It's because someone submitted it and more people voted on it. Things often take time to get randomly noticed by someone who also happens to habitually submit things to HN.
What was the XC2064 used in, as far as like commercially available products or similar, if you know off hand? I know some network cards and things like that have FPGAs.
For example 1995 Snappy Video Snapshot LPT dongle by Paul Montgomery (Newtek co-founder https://en.wikipedia.org/wiki/Paul_Montgomery#Play_Inc.). @TubeTimeUS on twitter did a Snappy deep dive, teardown and reverse engineering down to schematic and figuring out remarked "PLAY HD-1500" main chip is just a XC2064 FPGA. PLL + 30msps ADC + special 2Mbit video ram capable of holding whole field = this thing grabs whole one field of video all at once after perfectly synchronizing to 14.318MHz video clock.
wiki: "Snappy was the first mainstream video input device for Windows personal computers, with Play selling over US$25 million of Snappy in its first year.[9] Byte Magazine awarded Snappy its Technical Excellence award in December 1995, stating "Every once in a while, we see a product so impressive, it makes us rethink an entire category. That was certainly the case with Play Inc.'s Snappy."[10]"
At one place I worked around 1991-4, we used them for control hardware for synchrotron beamlines. These were produced in a very small numbers (10s of units) so the cost of the FPGAs wasn't a significant problem, unlike mass market products.
At the time we used Altera CPLDs rather than Xilinx. The main differences were: the Xilinx chips needed a small serial ROM located next to the chip to load the bitstream at power-on, whereas the Altera chips used (I guess) some kind of technology similar to EEPROM so they maintained their programming when powered off. The software ecosystem of the two was completely different and a significant lock-in. Once you'd chosen Altera and their Max+Plus II software, the only way to "port" to a Xilinx chip would be to completely reimplement it.
1) it is vital for earthlings to simplify chip design down to the materials level. XC2064 FPGA best starting point for moving logic away from the CMOS paradigm, it is the simplest yet has all important details. If you are thinking about merging memory and logic, or even excitonic/polaritonic optical switching, XC2064 good to keep in mind?
2) I saw the your other post on the front page
3) Reverse engineering is sacred work, no harm reposting and recelebrating past work, 4 years is nothing on the glacial pace of realigning incentives :)
That said, I have a few questions:
The XC2064 uses a variety of highly-optimized circuits to implement its logic blocks and routing. This circuitry required a tight layout in order to fit onto the die.
Seems like you might have more info about the optimization details. Do you maybe have access to Ross' design notes or something?
> XC2064 FPGA best starting point for moving logic away from the CMOS paradigm
What makes you think that? The architecture of the XC2064 is fairly unremarkable; what makes it special is simply that it was Xilinx's first FPGA.

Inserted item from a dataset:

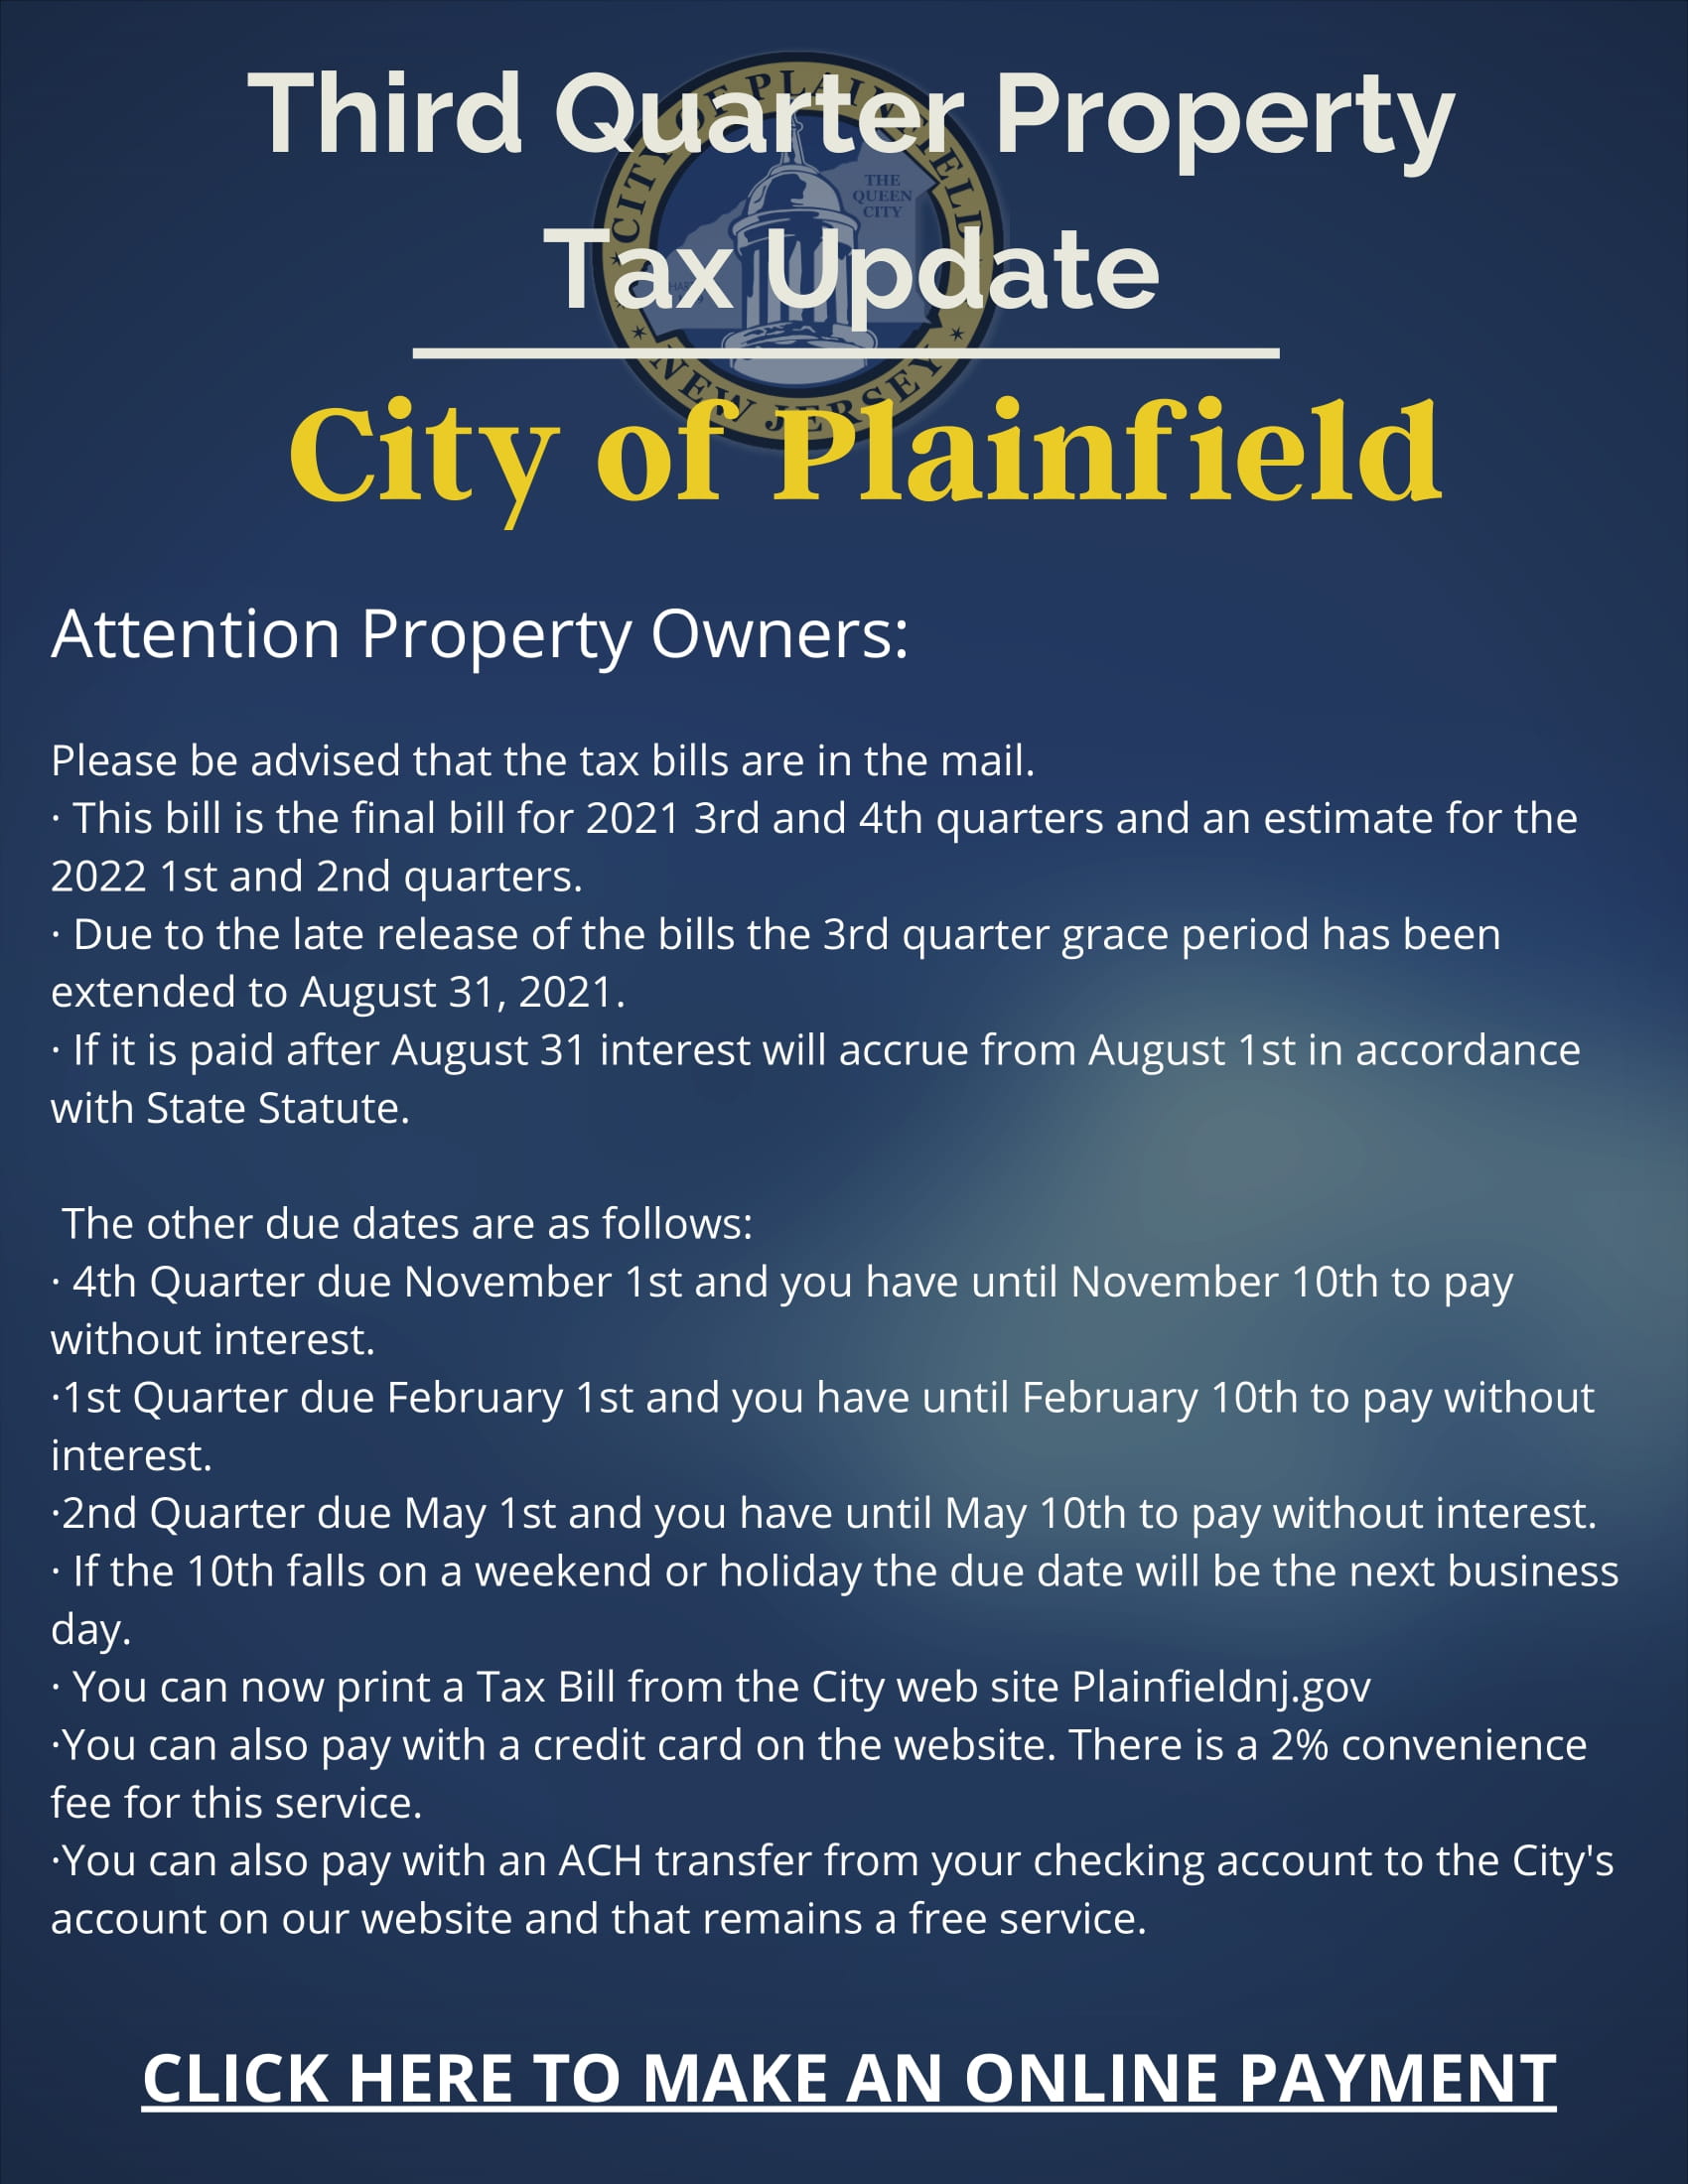 3rd Quarter Property Tax Update 2021 Flyer

More broadly, what do you mean by "moving logic away from the CMOS paradigm"? Whether you mean that in terms of logic families or something more fundamental, the starting point would probably be a few simple logic gates on a test wafer, not an entire FPGA.
I meant that its the simplest "complete" system that includes power, memory, i/o, tight integration with software (ie "bitstream format"), etc.
If you already have tooling in place to fabricate logic gates systematically, it's almost trivial to go up to XC2064 level of complexity; you might even want to do that before optimizing your "revolutionary" logic gates. Okay this might again be obvious, but it's exciting, motivational, calming to point that out to "beginners" (often that's what revolutionaries are), who want to know at every step that something close to their API has been mostly validated & they can concentrate on the revolutionary kernel
eg, the other front page threads on how to build very quickly and properly
How much design-side innovation is there in the FPGA sector? Are modern large FPGAs just scaled up versions of the logic cell grid design of the XC2064 or would those look structurally very different?
The significant difference is modern FPGAs have dedicated blocks for things like static RAM and SERDES. This has the advantage that if you want to, for example, implement a soft CPU core with some registers and a PCIe interface, you don't need to waste large amounts of your general purpose look-up tables implementing those, you can put the registers in a pre-made block of static RAM and the PCIe can be handled by SERDES. In fact modern FPGAs often have ARM cores next to the fabric so you can make hybrid software/hardware designs.